• New tax on land proposed for London

Plans for a new Land Value Tax have been outlined in a paper prepared by the Planning Committee of the Greater London Authority. It calls on the new mayor to fund further research into such a tax, declaring it has the potential to encourage undeveloped or underused land to be developed – largely for housing.
The concept would tax land based on its optimal use, whether it was developed for that or not. A landowner would therefore be incentivised to carry out an optimal development, in order to best cover the cost of the tax, which could replace the existing council tax, business rates and stamp duty.
The paper has been put together by assembly member Tom Copley, who notes in the foreward: “The greatest challenge facing the next mayor will be achieving a step change in the level of housebuilding in London.” With construction targets far from met, “new and bold thinking is required”, he argues.
Copley says the Land Value Tax is used elsewhere in the world, in countries including Denmark and Estonia, and it “provides incentives for bringing land into more productive use, and discourages keeping land empty or derelict.” The report says one data source has identified 1,973 hectares of land not currently used for housing in the capital, which could be developed – potentially creating 276,000 homes.
He concludes that the time is right to test out a daring new approach, because London is facing unprecedented levels of growth, and there is the challenge of funding it sustainably. The mayor’s office has demonstrated it can lead a growing world city responsibly, and there is the know-how to deliver strategic projects.
The tax would require the planning system to identify optimum land use for each site, something not currently a function of the system, the report acknowledges. It also acknowledges that introducing such a change would be fraught with practical challenges, creating winners and losers that might be politically contentious.
LVT would effectively be levied in a similar way to business rates today, based on the defined use of the land; it would be levied irrespective of the type or value of property developed on that land, and charged to the owner, not the occupier. It could also help reduce the capital’s reliance on Whitehall, allowing London to become more financially independent of central government.
The report recommends the new mayor looks into the powers necessary to run such a tax, and commissions a feasibility study. It also suggests a trial, perhaps with a pilot scheme at Old Oak Common within the Park Royal Development Corporation’s area.

LPA Perspective: This is scary stuff – should the momentum for this idea gather, it could upset plenty of those in the development world.
Yes, LVT has worked in some places. Harrisburg, Pennsylvania credits its recovery with the implementation of a land tax, replacing property taxes over a staged period. This was a city on its uppers after a major hurricane, and had lost a third of its population. But there are major practical problems, as well as some philosophical issues.

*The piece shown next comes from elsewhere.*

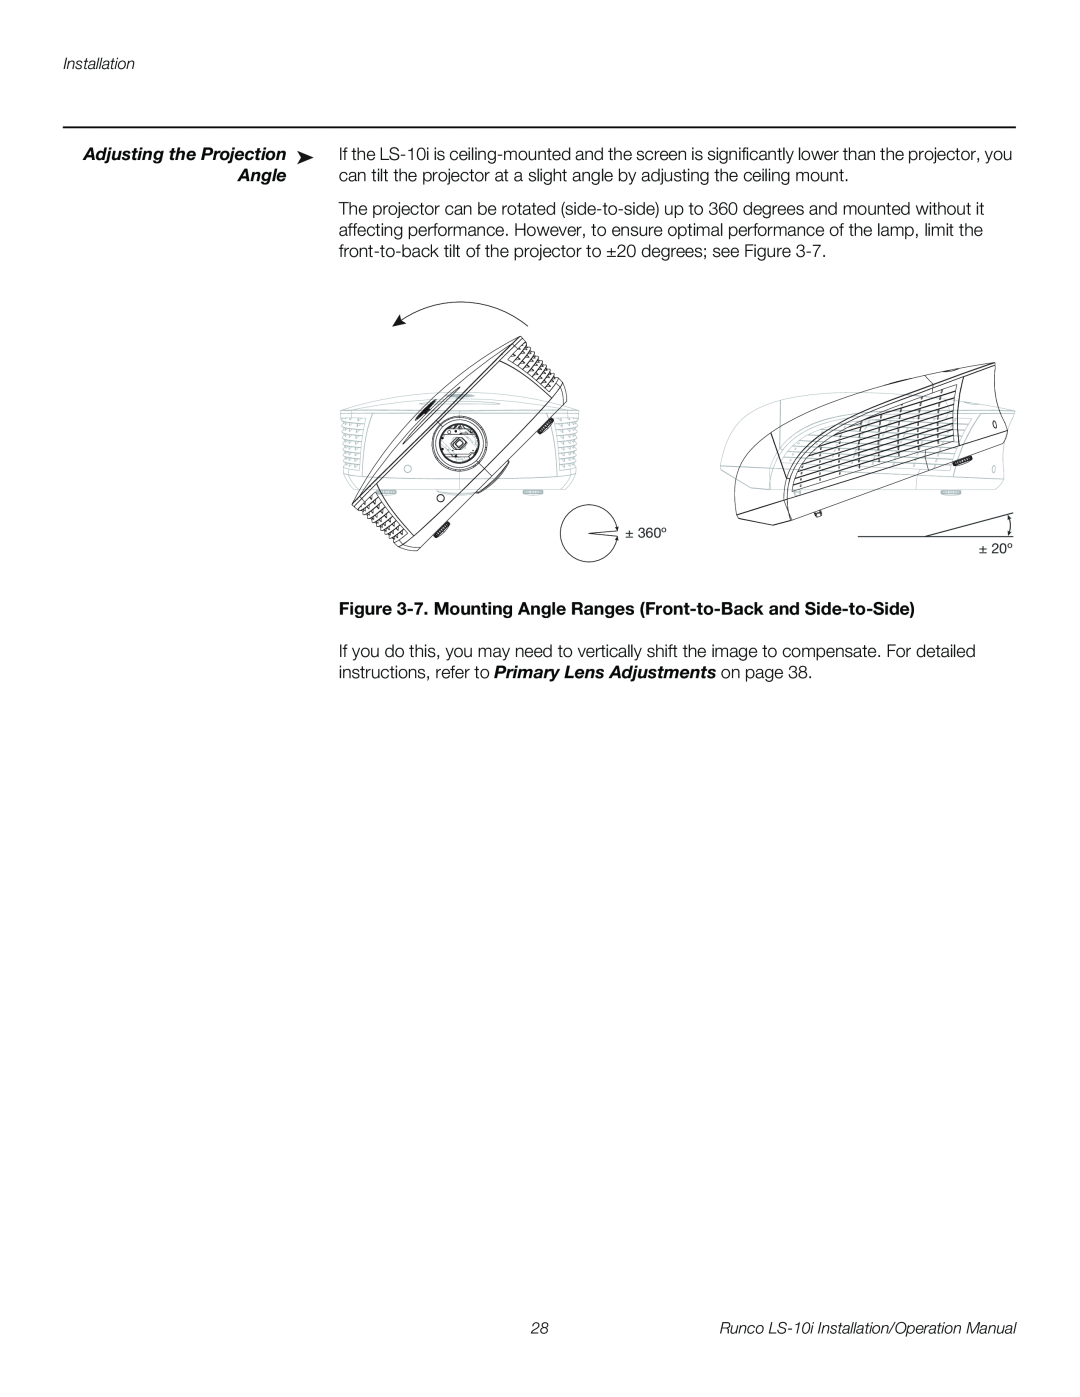 Runco LS-10I operation manual Adjusting the Projection, Angle, Installation

Currently, land use is decided by its owner, coming into contact – sometimes a negotiated contact, sometimes an embattled one – with the planning system. LVT would require local planners to decide what should go where, effectively reducing the flexibility of innovative developers and designers to transform neighbourhoods with imaginative regeneration projects.
And there is the right, established over a long period, for a landowner to do what they want with their property, within certain planning rules and restrictions; with doing nothing being just one of those options. By using LVT, a landowner is penalised for leaving land fallow or, underoptimised. And one reason why a landowner might feel minded to knock down a currently unused building, is the fact that business rates relief was removed on empty buildings – a relatively recent change that has led to huge waste and substantial demolition of older properties.
Land assembly, planning negotiations, and the inability of public bodies to sort their land holdings are all reasons why sites don’t get developed to their full potential. Land banking, often claimed as an issue, has rarely been proven to happen in reality. There is also the issue of market timing – why build a new office block in the City of London, for example, if there is plenty of new office space yet to be let?
The UK system is also well used to housebuilding developers taking options on farm land, which they then push to get included in a local plan, for it to – some years later – become housing land. Local planners will now have an incentive to get the land zoned for development sooner, rather than later, to increase their tax base.
Then there are the practical issues, in a city of the scale and vibrancy of London. Establishing values, and uses, will be problematic. And as the recent experience of the Community Infrastructure Levy has demonstrated, when adjacent districts have substantially different charging levels applied, there can be unintended consequences.
LVT is a big idea – and one that may merit further study, perhaps a pilot – but let’s not get too excited, too quickly.